Rusya üzerinden Fransa ve Almanya’nın iki kutuplu bir dünya
oluşturabileceğini belirten Fuller, “Türkiye’yi tebrik ediyorum.
Çünkü Radikal İslâm’ın problem olmadığı tek ülkesiniz. İslâm’ı hükümete
dahil ederek, bir şekilde meseleyi çözüyorsunuz. Yine Washington’a hayır
diyebildiğiniz için, ahlâki bir güce sahip olduğunuzu da gösterdiniz.
Arap ülkelerini dolaştım, ABD’nin küresel hegemonyasını reddetme
eğiliminize ve ‘hayır’ınıza büyük saygı duyuyorlar” dedi.
Konuşmalar özetle böyle...
Tartışma bölümünde bu defa söz almadım. Daha henüz sabrım taşmadı.

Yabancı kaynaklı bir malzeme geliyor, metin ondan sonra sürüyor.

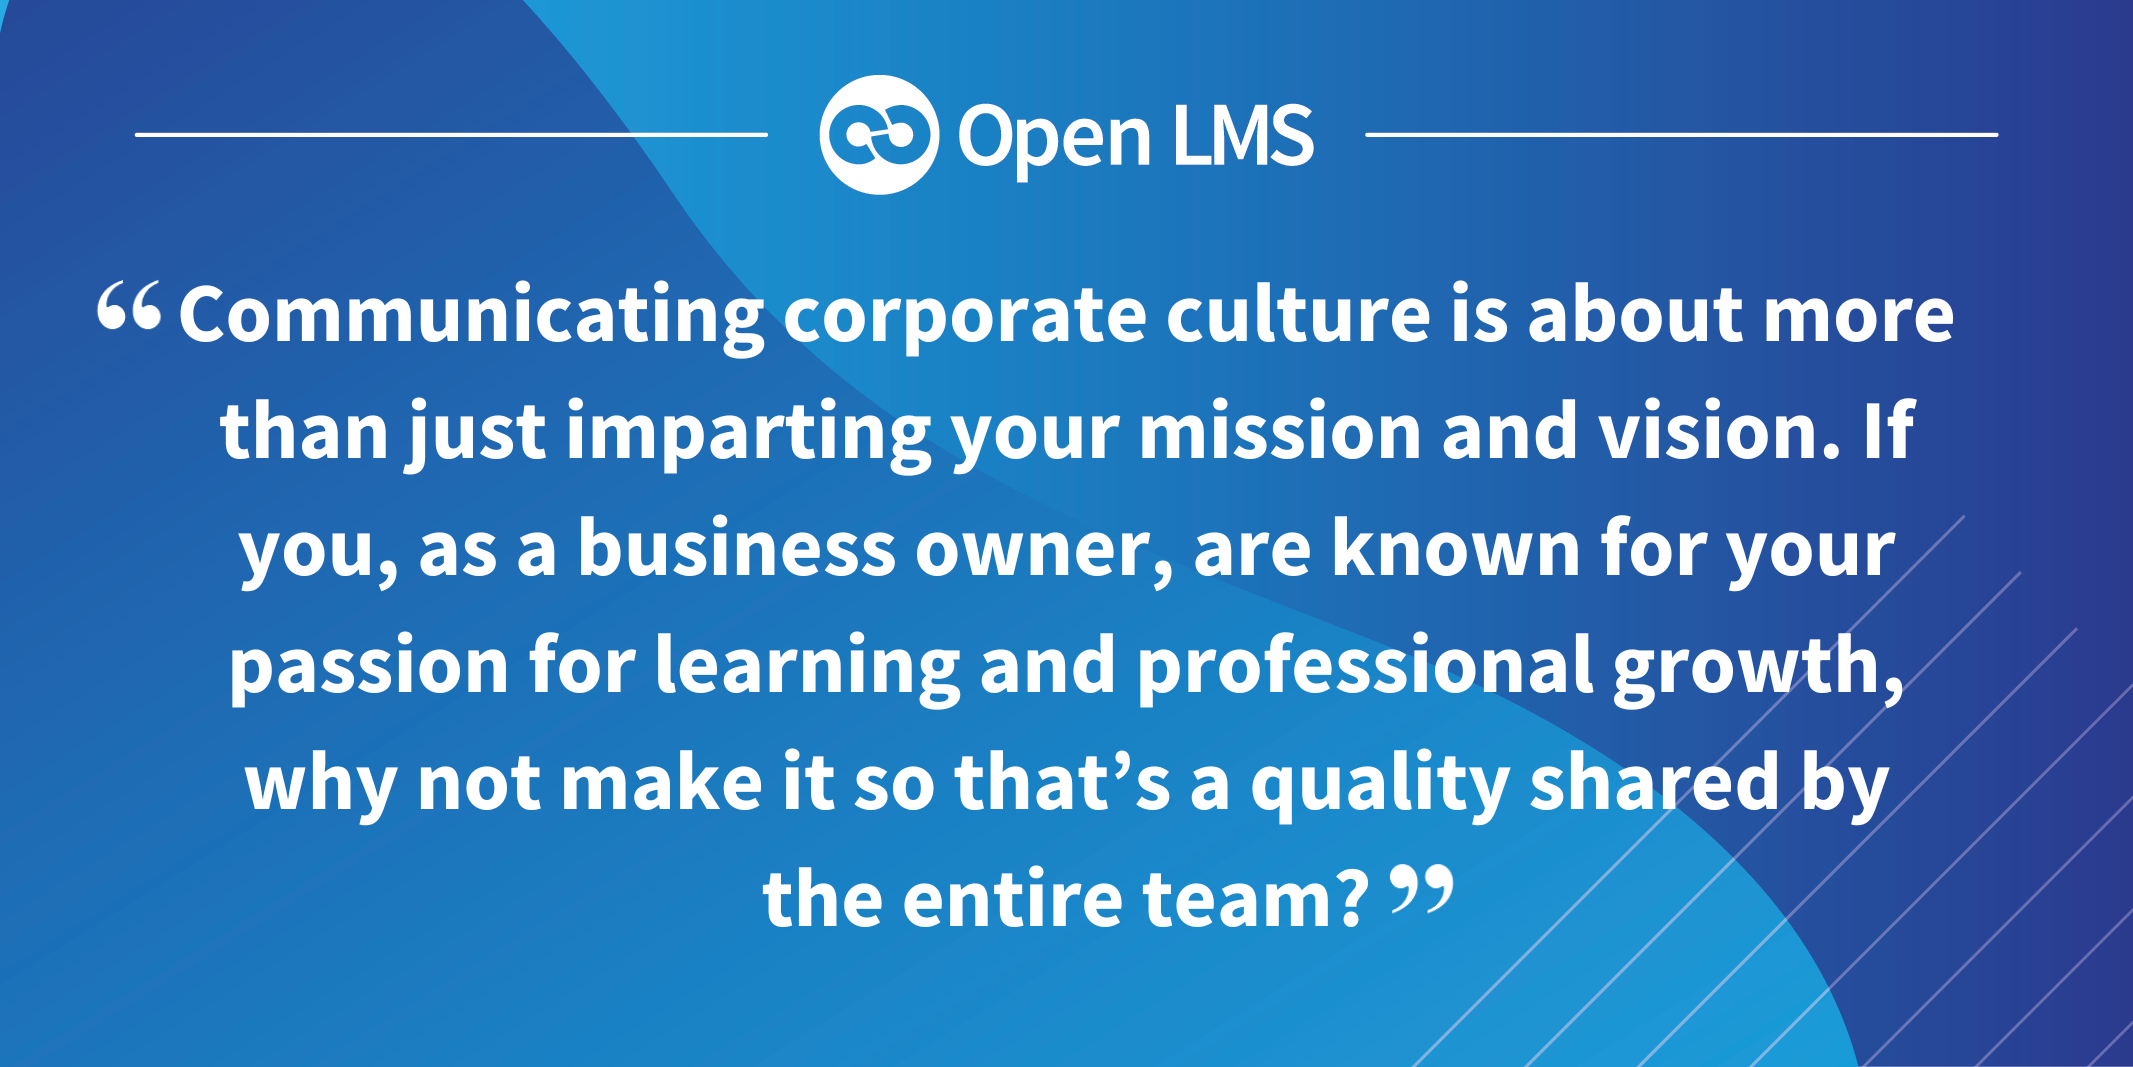 “Communicating corporate culture is about more than just imparting your mission and vision. If you, as a business owner, are known for your passion for learning and professional growth, why not make it so that’s a quality shared by the entire team?”
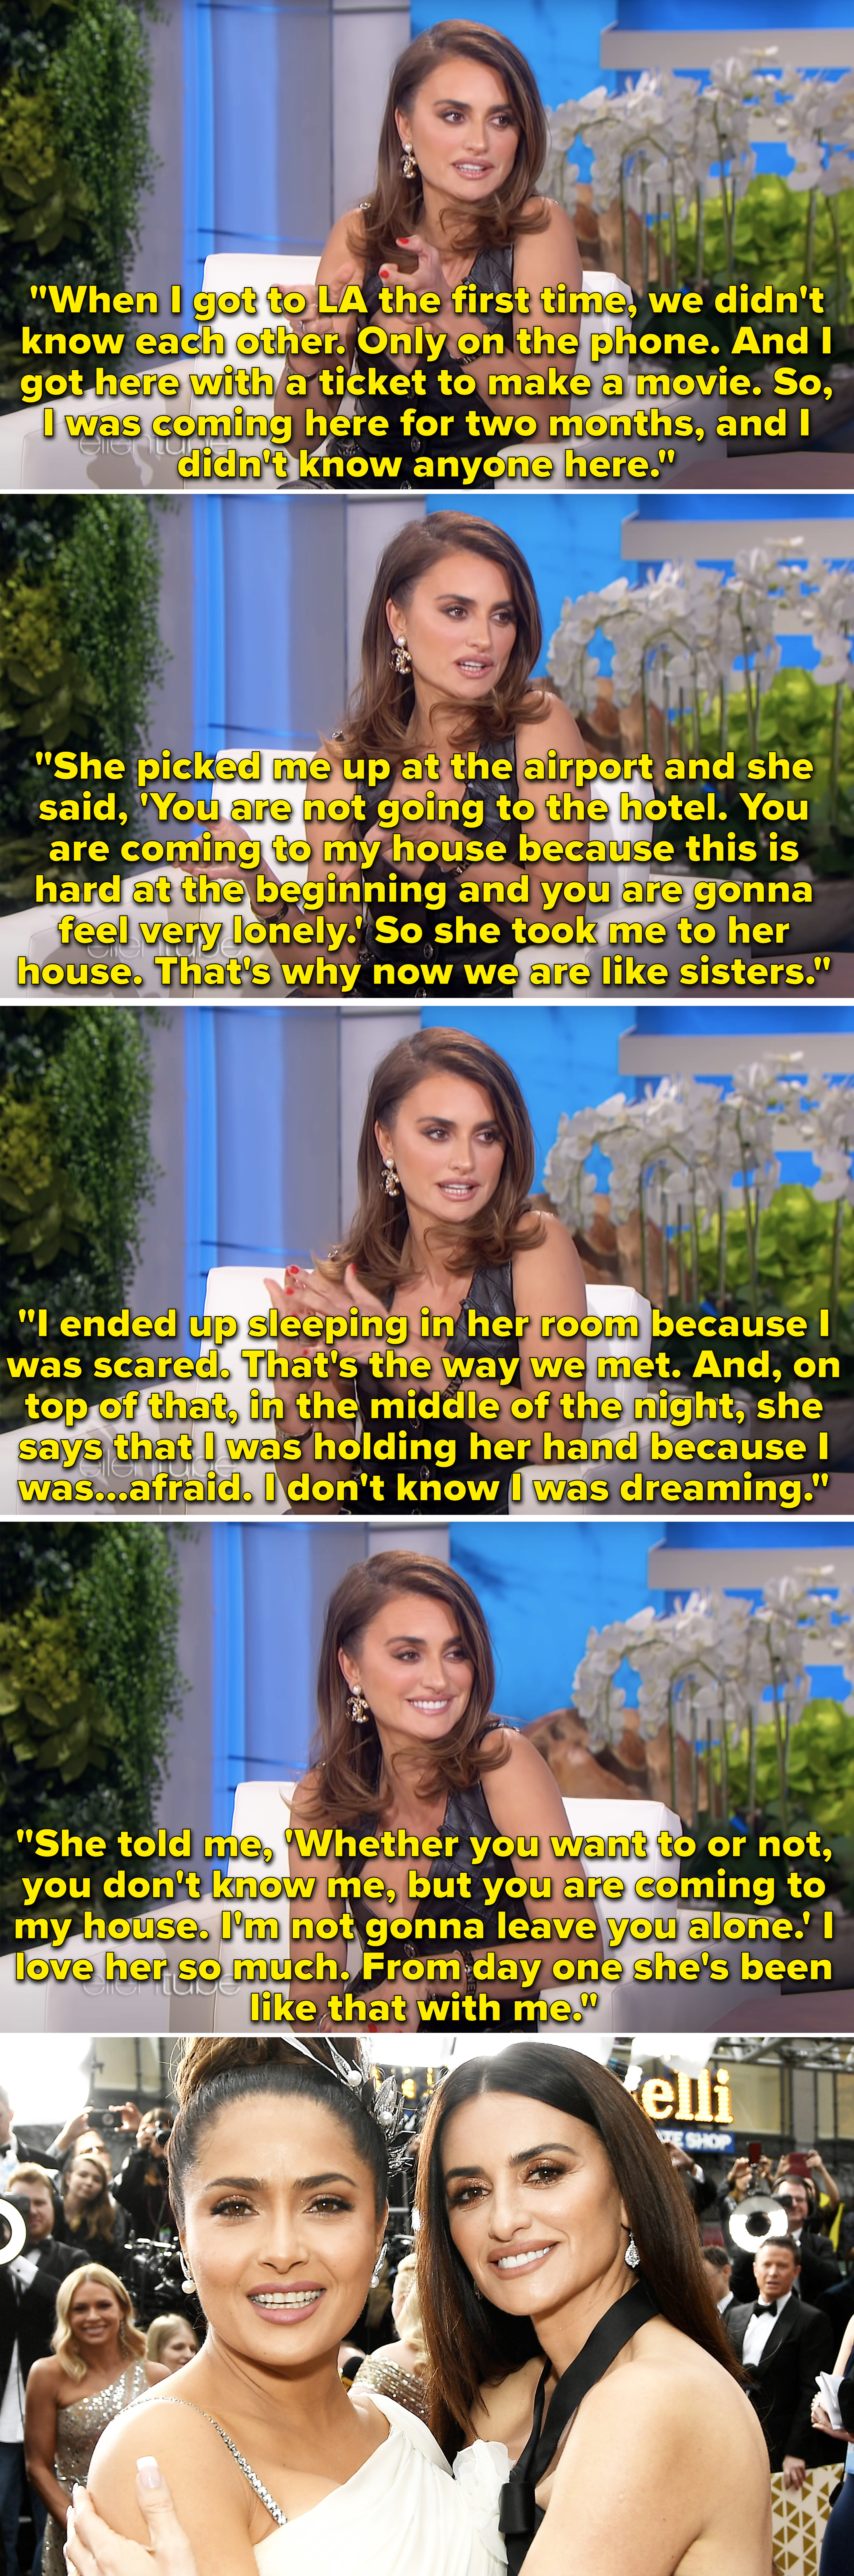 Penelope Cruz saying that Salma Hayek had her stay with her when she first got to LA and a picture of them at an event hugging

Oturum Başkanı da Gündüz Aktan’dı...
Fakat, konuşsaydım şunları söyleyecektim: Evet, bir Radikal İslâm’dan söz
edilebilir. Fakat neden Taliban ve El Kaide’yi ABD, İngiltere, İsrail,
Suudi Arabistan ve Pakistan’ın birlikte örgütlediğini unutuyoruz?
Bunları bir tarafa bırakalım, bugün ABD’nin İngiltere ve İsrail ile
birlikte gerçekleştirmeye çalıştığı tek dünya devleti, kaynağını
Tevrat’tan alan ve Hıristiyanlık ile Yahudiliğin kaynaştırılması demek
olan “Püritenizm” ideolojisinin, dünya üzerinde uyguladığı bir terör
projesi değil midir?
Bu terör projesi de camilerden mi kaynaklanıyor? Yoksa havralardan mı,
kiliselerden mi?
Sonra, sanki terör, devlet gücünden bağımsız olarak geliştirilebilirmiş
gibi gerçek dışı bir yaklaşım sergiliyorsunuz. Oysa “Radikal İslâm”
denilen hareketlerin neredeyse tamamı, ABD-İngiltere ve İsrail
güdümlüdür.
Maksat kendi kontrolleri altındaki terör örgütlerini bahane olarak
kullanmak ve İslâm Dünyası’na müdahale edebilmektir.
Biz, ABD’nin, daha doğrusu Hıristiyan-Yahudi radikalizminin ürettiği
kavramlarla, Orta Asya’yı, yani Türk Dünyası’nı tanımlarsak, bu savaşı
daha başlangıçta kaybetmiş olmaz mıyız?
Radikal İslâm’ı bir kenara bırakın; bugün dünyada Bush’un, Dick
Chenney’in, Rumsfeld’in, Wolfowitz’in temsil ettiği “yeni
muhafazakârlar” örgütü, insanlık için bir numaralı terör tehdidi değil
midir?
Bu örgüt de bir tarikat değil midir?
Niçin dünyaya Amerikan gözlükleriyle bakıyorsunuz?